By Emily Wilson • September 02, 2020

In a roundabout way, in part via experimental New York theater, bootcamp graduate Thomas Kavanagh made his way to data science. After graduating from college with a degree in Mathematics, he moved to NYC for his first foray into the professional world, working with an inventive, media-forward theater artist he admired. 

In that role, he worked as an Audio Visual Engineer and Projection Designer, installing and programming interactive media systems for live performances, gallery installations, and dance shows.

Alongside that creative and technical pursuit, he gathered additional experience working at the meditation startup, Ziva Meditation, originally joining as a video producer. Soon after, his responsibilities expanded to include web design and Customer Relationship Management (CRM) automation.

This combination of roles proved influential to Thomas, who was at the time open to a variety of career possibilities. His love of coding rose to the top, as well as his burgeoning interest in the CRM work he’d been exposed to. 

“I found the marketing campaign design in our CRM to be really intellectually stimulating. I liked the experience design involved,” he said. “It gave me access to the company data because I was responsible for getting to know the consumer data really well so I could provide targeted experiences.”

He liked it so much that he eventually decided to follow its path and learn more. With no desire for additional formal schooling, he started considering bootcamps, thinking about software engineering, UX, and more. But with his budding interest in data, along with a solid math foundation, he chose data science. 

By September 2019, he was officially a Metis Bootcamp student. He recalls how he was the first to join the cohort’s Slack channel three months ahead of the start date. 

“I wanted to get in there and introduce myself because I was just so excited. I wanted to get started right away,” he said. “I hadn't yet proven to myself that data science was going to be appropriate for me, so a three-month exploration was ideal. And I knew that I wanted an intensive environment. I was ready to sort of drop everything and give this a shot.”

During his bootcamp experience, he found that data science was, in fact, for him. In large part, he figured this out by paying close attention to his own interests and letting them lead the way whenever possible, especially during project work. 

“I measured how fun each activity was to do, and just tried to put my eggs into the baskets that I thought were fun,” said Thomas. “I tried to let myself go down the rabbit holes that were interesting for me to keep myself going because if I had tried to force my identity into some aspect of data science that wasn't interesting to me, I imagine I would have gotten burned out.” 

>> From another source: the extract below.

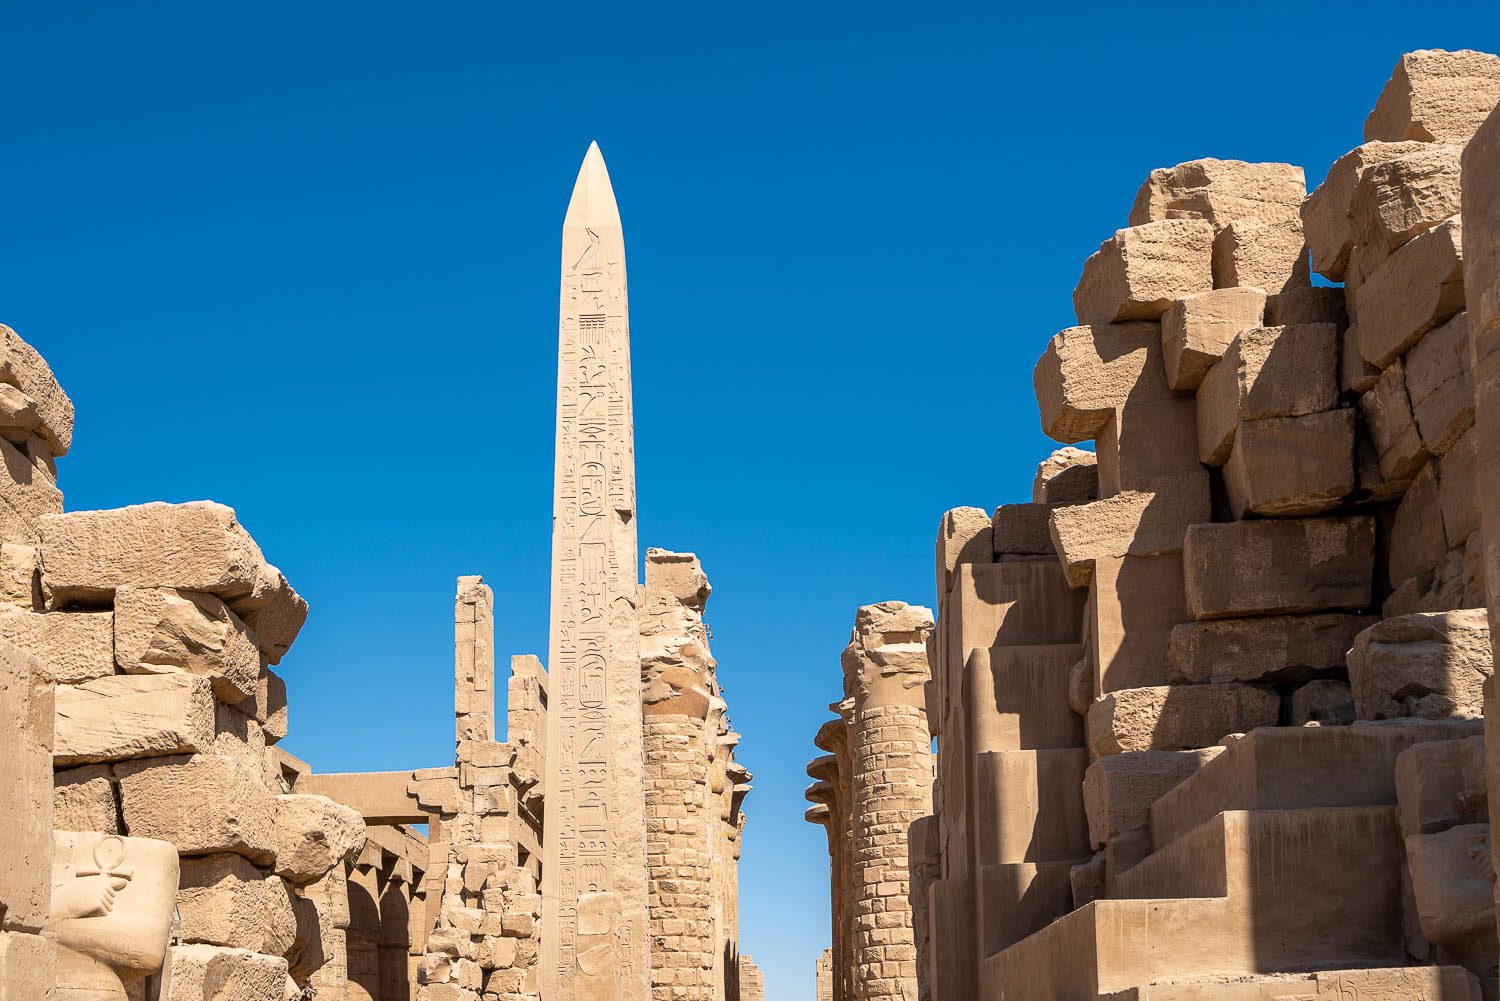 An ancient Egyptian temple complex with towering obelisk, hieroglyphs, and stone ruins under a clear blue sky, exhibiting historic architecture and archaeological significance.

This mindset often led him to work in pairs or groups because he felt that working in collaboration was more interesting than working alone. Additionally, it led him to pursue a final project based on his pre-bootcamp interest in consumer behavior. (Read about the project here.)

Soon after the bootcamp, Thomas was hired as a Data Scientist at Alkymi, an NYC-based company that recently transitioned to fully remote work. Alkymi aims to free data from email and documents to boost user efficiency. According to Thomas, the data science team is small but mighty and the work is challenging and constantly evolving.

“What's really stimulating for me is that I get a new set of documents, and I have to come up with a new strategy every two weeks or so in order to attack them and find out what we need,” he said. “And I need to do it in a way that doesn't require constant maintenance.”

Among many tools, he uses computer vision to get a sense of each document's visual layout, a variety of NLP tools, and does most of his work in Python, which was new to him when he first started as a bootcamp student. 

He’s proud of the work he’s done so far at Alkymi, including how he recently advocated for fellow Metis graduate Alex Weston to get hired onto the team. The two had cultivated a collaborative relationship during the bootcamp, which carried over into a successful post-Metis data science competition, and will now take a new form in a professional setting.

For Thomas, a team-first type of worker, it’s an ideal scenario. 

“I like to be very social when I work,” he said. “I think I'm just very motivated by collaboration with other people.”